*ENTRIES PROVIDED*

■ ■ ■ ■

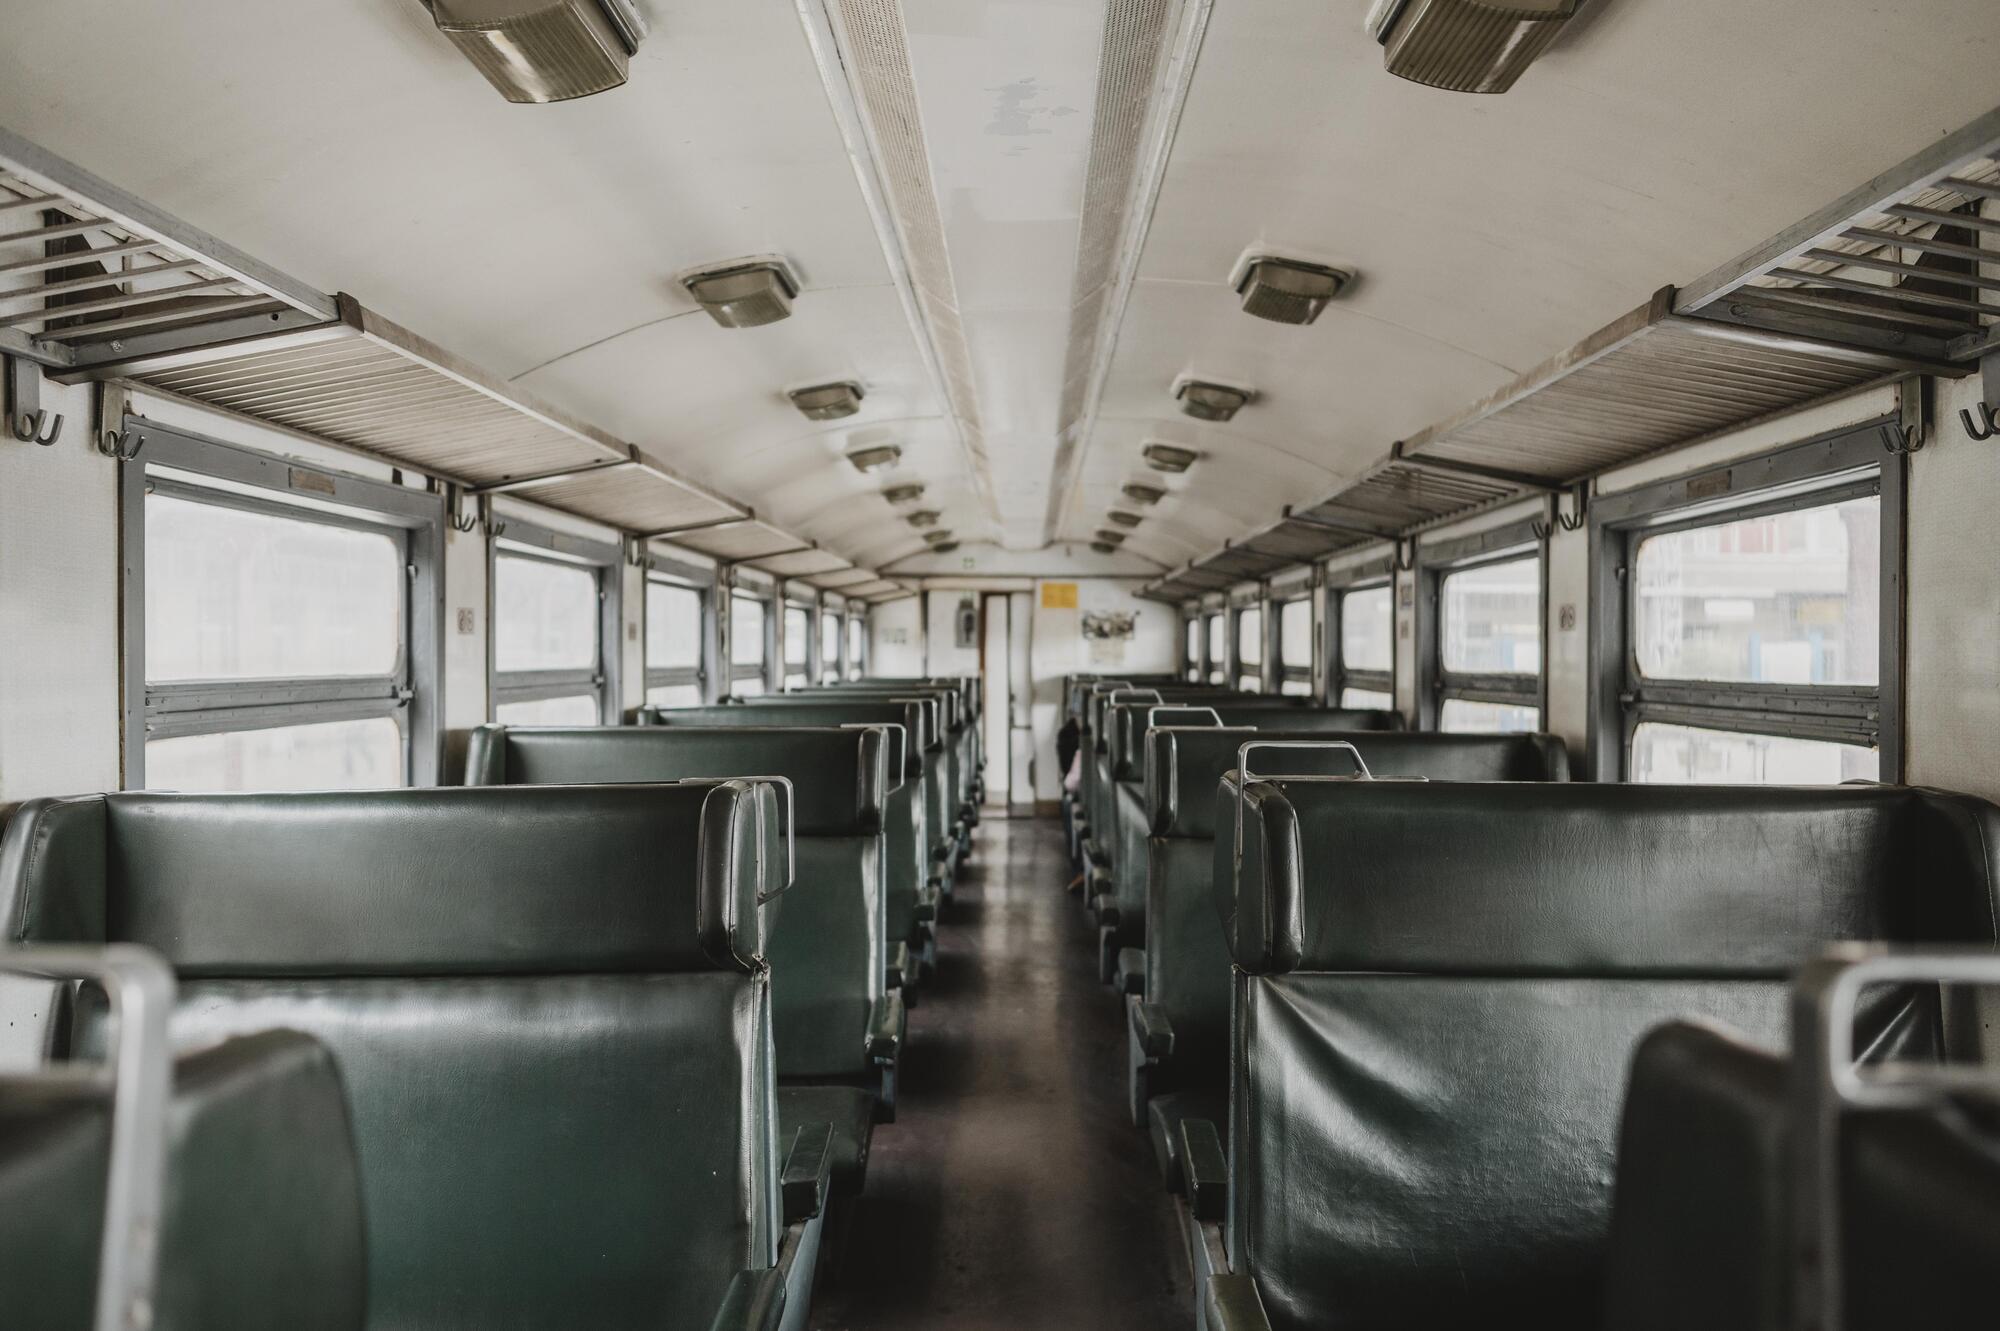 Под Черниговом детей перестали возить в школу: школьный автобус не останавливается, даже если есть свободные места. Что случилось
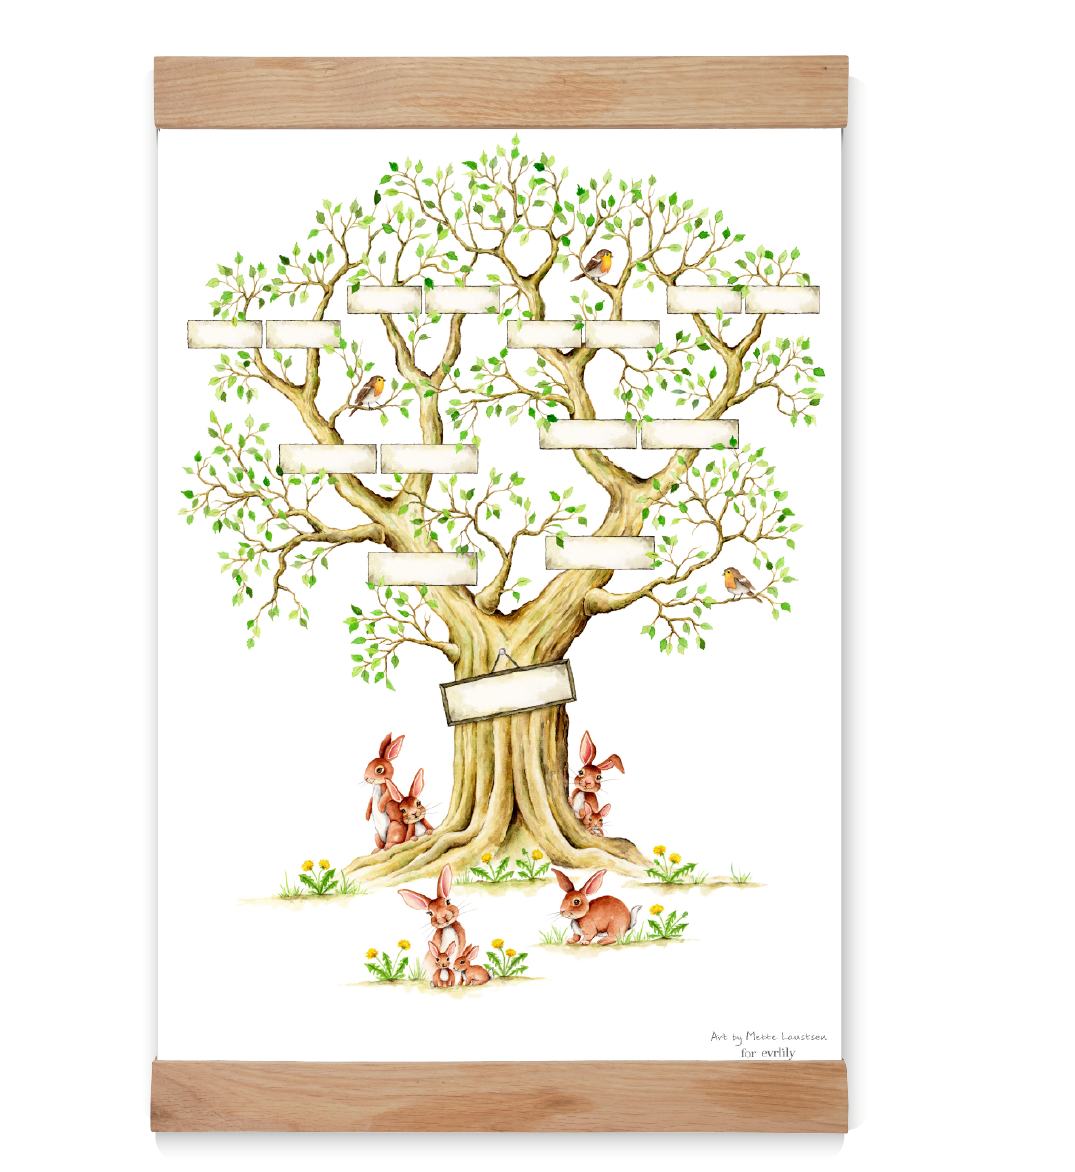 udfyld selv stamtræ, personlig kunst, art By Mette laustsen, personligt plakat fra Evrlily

■ ■ ■ ■

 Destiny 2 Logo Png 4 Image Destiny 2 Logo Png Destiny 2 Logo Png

■ ■ ■ ■

*INSTRUCTIONS FOR THE TASK*
The result should be an exact copy of only the lines above from the one that holds "Под Черниговом детей" through the one that holds "udfyld selv stamtræ, personlig", both ends included, without pictures.

*TASK OUTPUT*
 Под Черниговом детей перестали возить в школу: школьный автобус не останавливается, даже если есть свободные места. Что случилось
 udfyld selv stamtræ, personlig kunst, art By Mette laustsen, personligt plakat fra Evrlily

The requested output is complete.